Asked by: Claire Hazelgrove (Labour - Filton and Bradley Stoke)

Question to the HM Treasury:

To ask the Chancellor of the Exchequer, what assessment she has made of the adequacy of the availability, affordability and terms of insurance for people (a) diagnosed with sickle cell disease and (b) carrying the sickle cell trait.

Answered by Lucy Rigby - Economic Secretary (HM Treasury)

The government has not made a specific assessment regarding insurance for individuals with sickle cell disease. However, the government recognises the important role of insurance products in building the financial resilience of consumers and protecting them when things go wrong. The government’s Financial Inclusion Strategy seeks to close gaps in protection and ensure that the insurance sector is well-placed to support the financial wellbeing of households and vulnerable customers.

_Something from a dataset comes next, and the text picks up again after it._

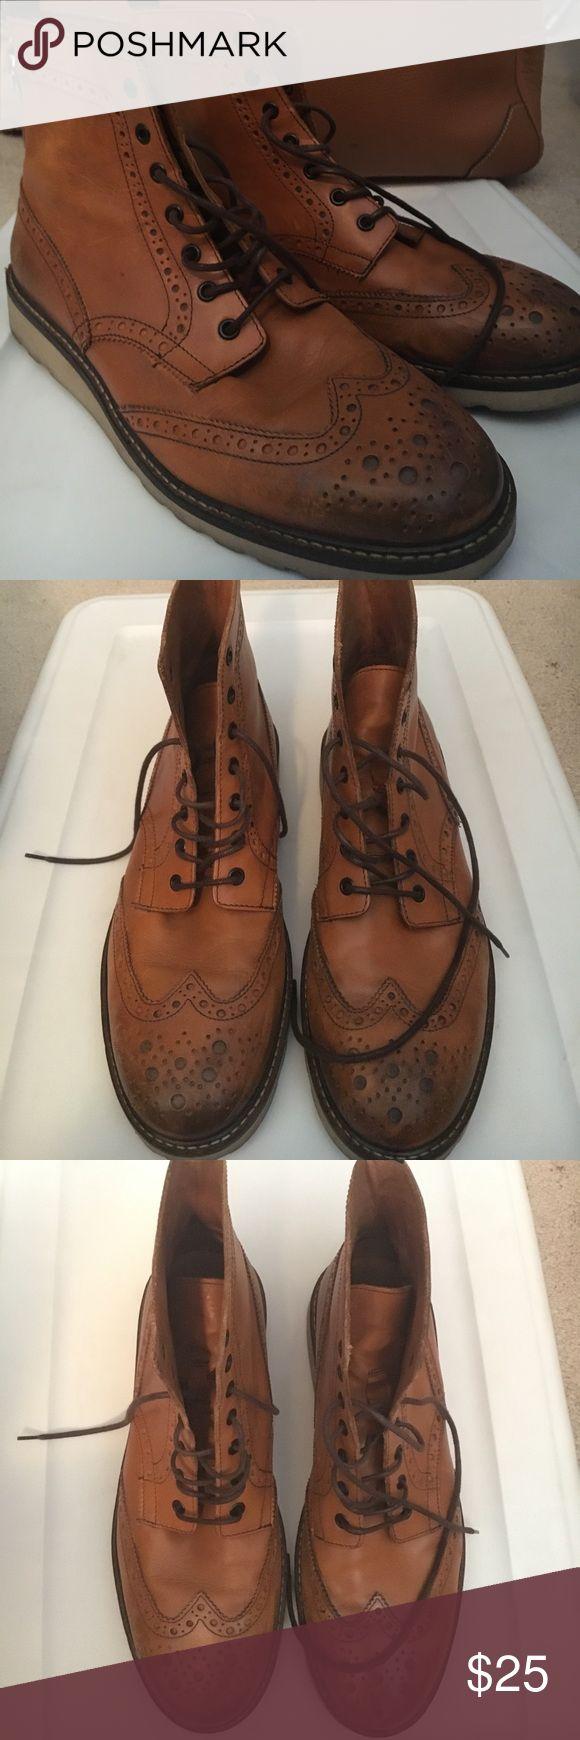 Men's ALDO brown boots sz 11  wingtip boots Men's ALDO boots size 11 brown boots Aldo Shoes Boots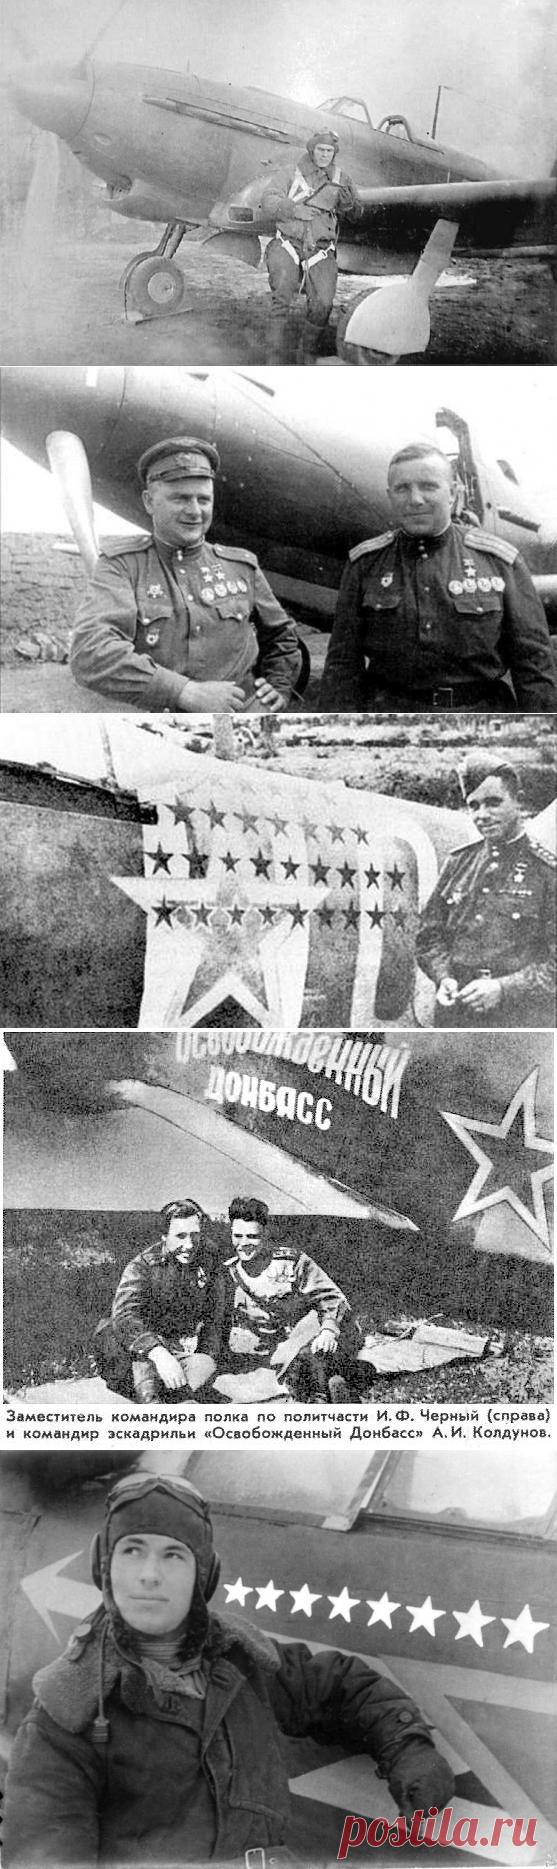 Какими они были, те «старики», что шли в бой? Первая десятка советских асов Великой Отечественной войны | Биографии

The Equality Act 2010 generally prohibits discrimination based on certain personal characteristics. However, the law accepts that some exceptions, relating to age and disability, apply for insurance. The Act stipulates an insurance provider cannot refuse to cover potential consumers or charge more for insurance as a result of these characteristics, unless they base their risk assessment on relevant information from a reliable source and (in the case of the disability exception) it is reasonable for the insurer to refuse cover or charge more.

However, the Financial Conduct Authority, as the independent regulator, requires firms to ensure their products offer fair value. The FCA has been clear that it will be monitoring firms, and, where necessary, it will take action.

Since 2021, the FCA has required firms providing travel insurance to signpost consumers with pre-existing medical conditions to a directory of specialist providers if they are declined cover, offered cover with an exclusion, or charged a significantly higher premium based on a pre-existing medical condition.